No Arctic ice. No ice means no seal hunting.
No seals means no living. It looked like a blanket that had taught itself to walk. Let’s talk about something else. Do you miss cocaine?
Sometimes I do when it snows. It’s the resemblance of shivering to doing a line. I never did much.
Not enough to get a polar bear high. Maybe a seal. What animal would you be if you could be any animal that isn’t endangered by climate change?
Is a roach an animal? A rock? Rocks are in the clear, and roaches exist in the popular imagination—the imagination everyone wants to date, the imagination that gets all the girls and boys and ocelots—as the creature that’ll be eating our Twinkies after apocalypse. Nothing kills roaches and Twinkies goes the thinking. No starving polar bears to feel sorry for then. Let’s talk about anything else. When you were a kid,
did you wear Superman pajamas, or sense it was ironic that you hid from the dark by closing your eyes,
or think we’d break the world?


Refraction

In Alaska the sun had insomnia:
I chased a rainbow at midnight south of nowhere in a rental car,
having lost my favorite cap.
As fast as I went, the rainbow went.
As awake as I was, the sky never blinked.

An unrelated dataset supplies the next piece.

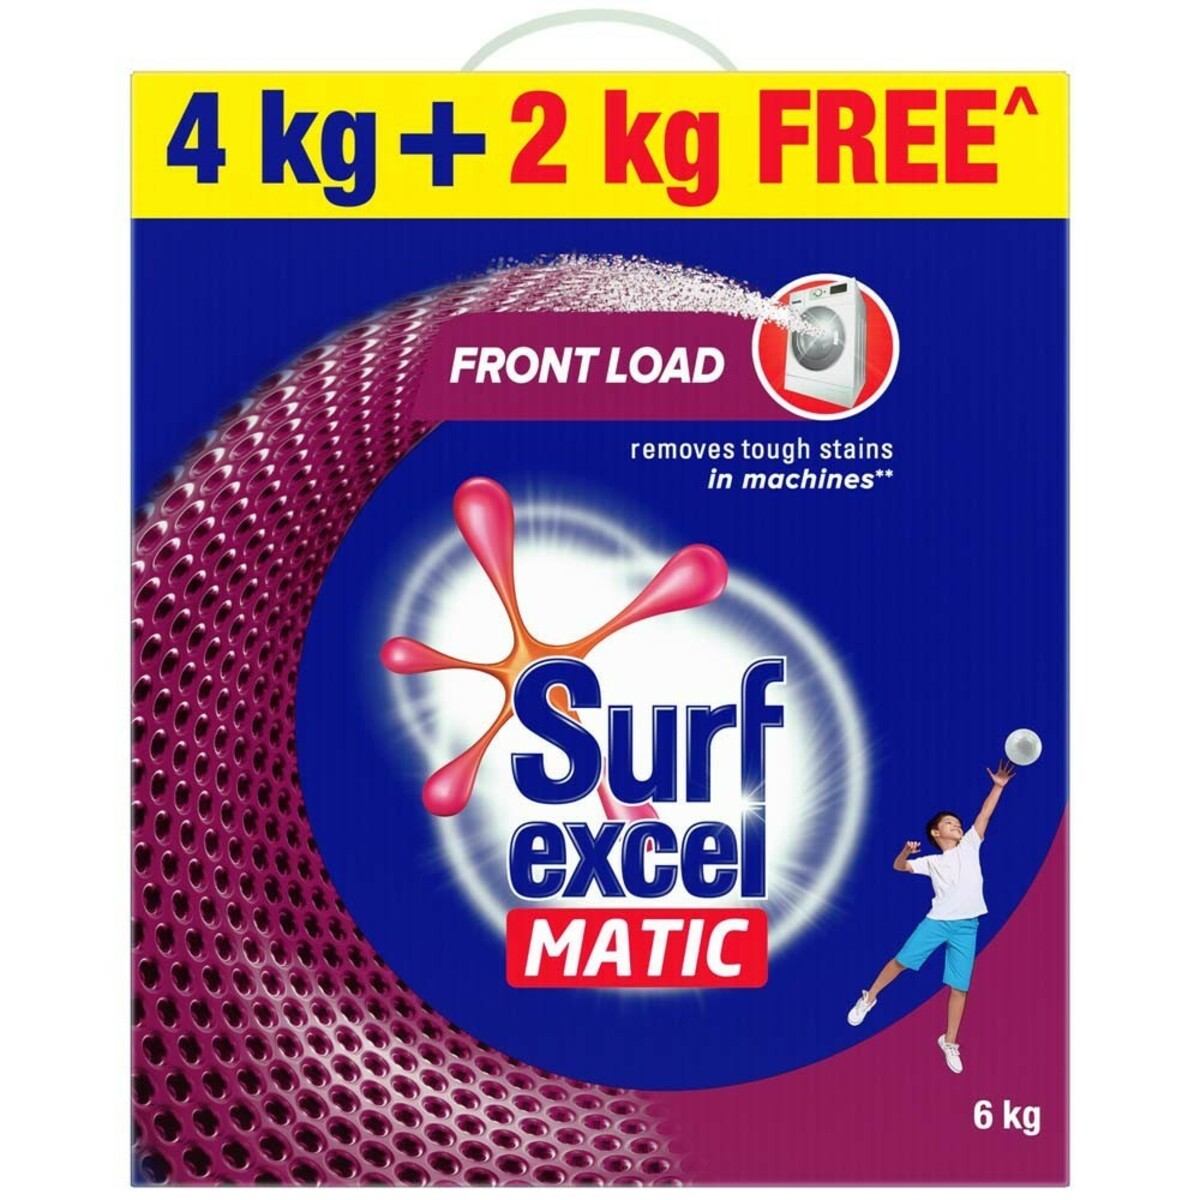 Surf Excel Matic Front Load Powder 4kg + 2kg Free
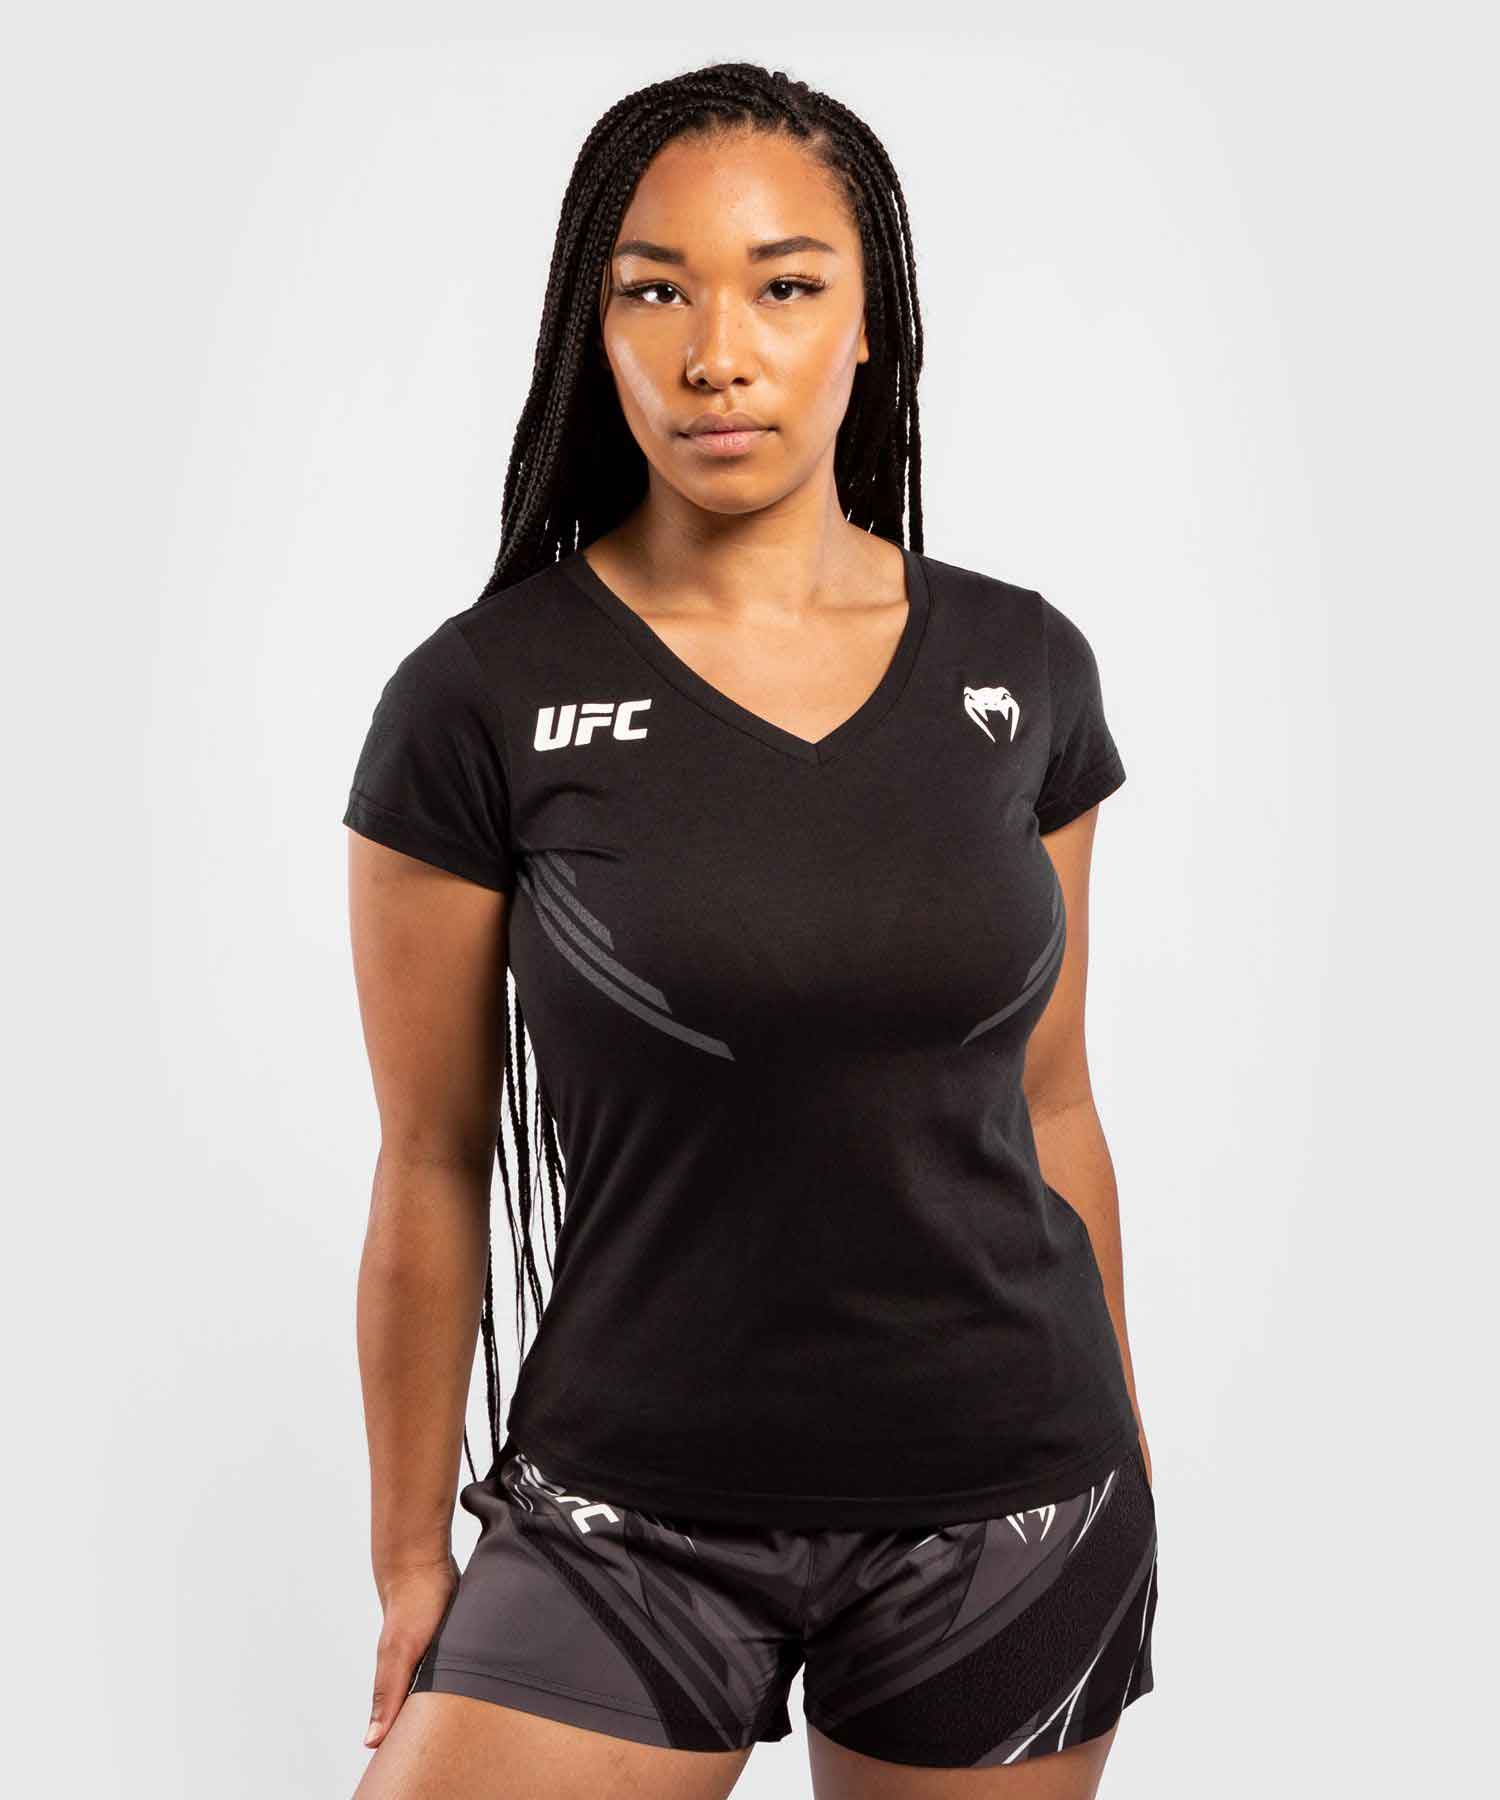 UFC VENUM REPLICA WOMEN'S JERSEY／UFC VENUM レプリカ レディース ジャージ（黒）

As much trouble as I have being around people, Alaska agrees:
Alaska gives humans the cold shoulder,
the frozen river, the scary bear.
I love that Alaska wants to be alone too.
For hours, the world was empty of McDonald’s, lawn mowers, For Sale signs,
capitalism; it was like looking in a mirror that ignored my face, that saw where I really came from, that stared back at the savanna inside my bones.
I pulled over and built a house of my affection: I would live there with distance and mountains and the intelligence of rainbows,
who are smart to be untouchable.
If we caught them, we’d put them in zoos,
cut them open, try to civilize them,
teach them French, teach them war.
I pulled over, sat on the hood and leaned into the air with my capless and bald head,
the bite of it, the hello of it,
and decided to stand taller within myself,
like a swing set or giraffe.
I’ve driven along fracked fields,
where mountains have been scalped and refineries channel apocalypse with their forests of pipes, their fire and smoke,
and while some places make me eager for lobotomy, Alaska made me want to be better, think better,
do better: to fit in. Not that I know what that is or means. Not that we can.
Just that we better. Just that we must.